Patrick, On Thursday 12 August 2004 20:00, Patrick Shanahan wrote:
* Randall R Schulz
[08-12-04 19:51]: On Thursday 12 August 2004 17:33, Patrick Shanahan wrote:
and a handy script 'psfind' 'ps aux|grep -i $1'
True, but the output of the pipeline includes the "grep" process itself.
Another flaw is that it excludes the ps headers, which can make interpreting the output difficult, especially if you use the 'l' option.
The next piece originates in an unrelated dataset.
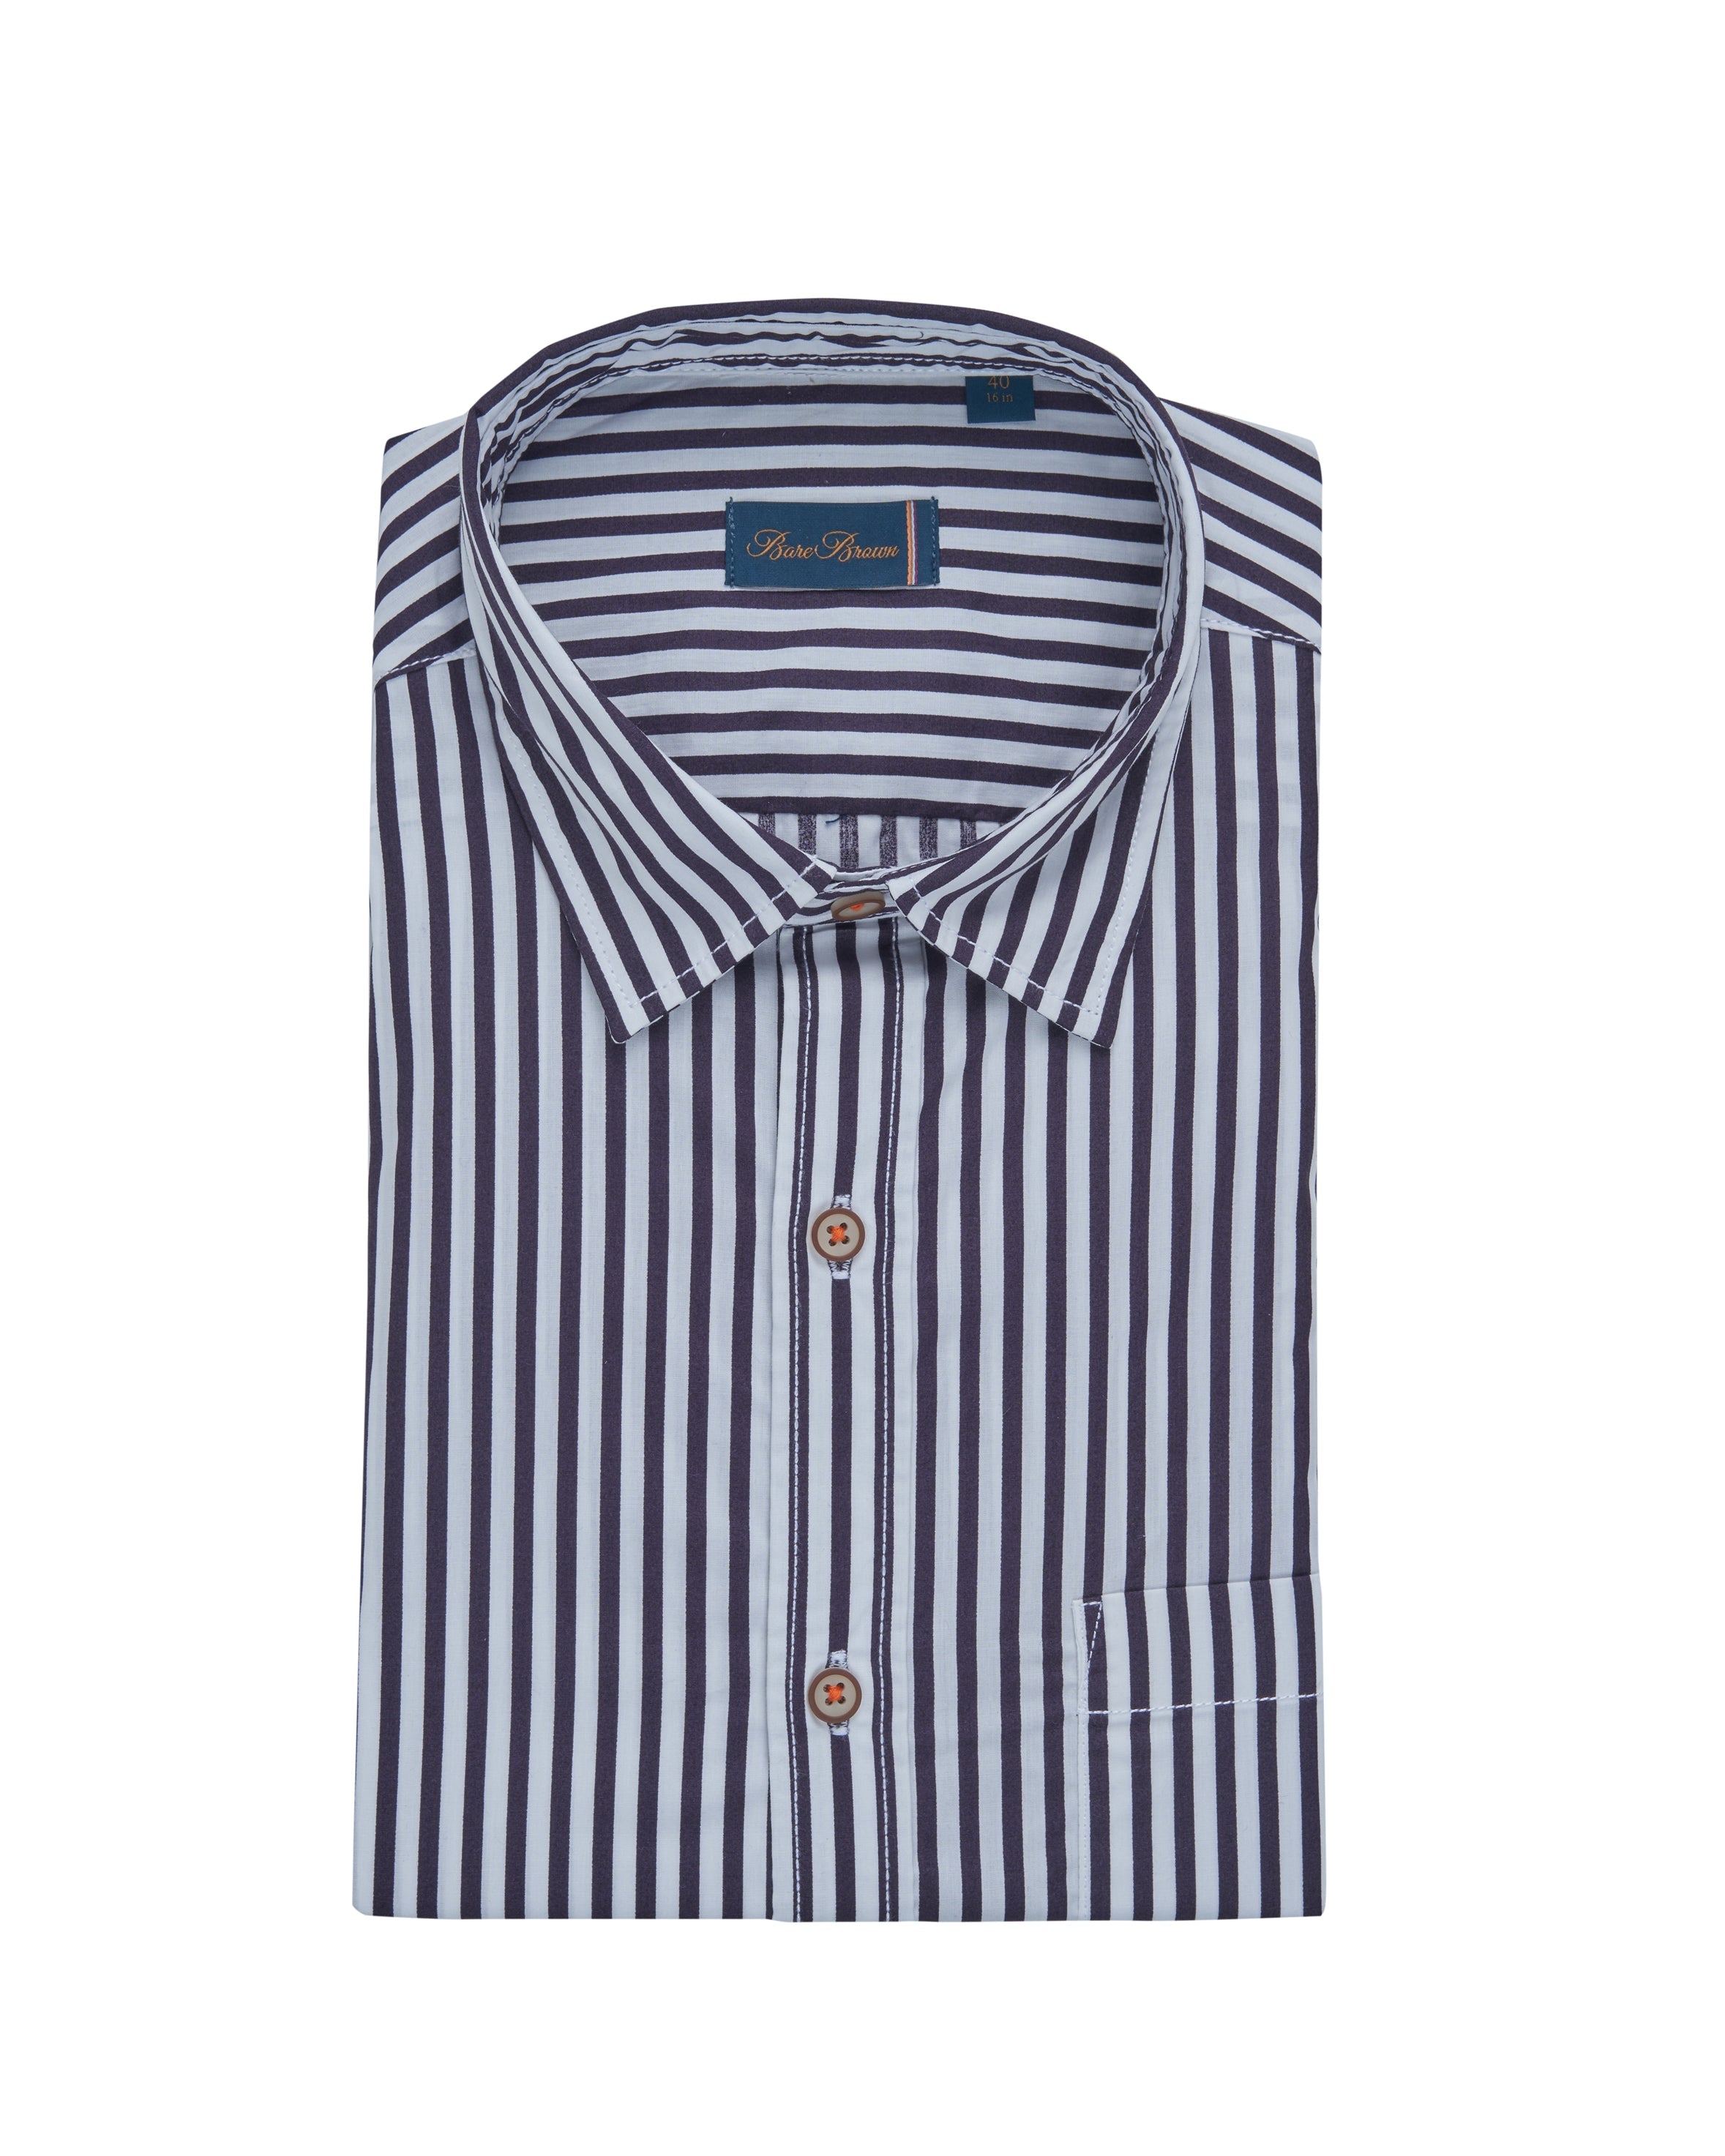 Bare Brown - Navy Stripe Shirt, Slim Fit

That can be overcome by using "sed" instead of grep:
-==- #!/bin/bash --norc
procPat="$1"
ps aux |sed -n -e 1p -e "/$procPat/p" -==-
which also yelds the calling process and the pipe process in addition to the headers
As I said you would if you only grep to include the target pattern. You could try to add another grep that excludes the spurious hits produced by the simple pipelin, but why bother? The pidof approach obviates all that complexity.
But using "pidof" is still superior. You get no spurious responses, you get the ps headers and you don't need a pipeline with a filter that just discards unwaqnted ps output that is simply not produced at all using the pidof technique.
I get no headers, only the process id ???
That's what pidof does. It gives the _PID_ _of_ all the processes executing a program whose base name is an argument to the command. From there you can use the PID in other commands. See the script I posted earlier in this thread.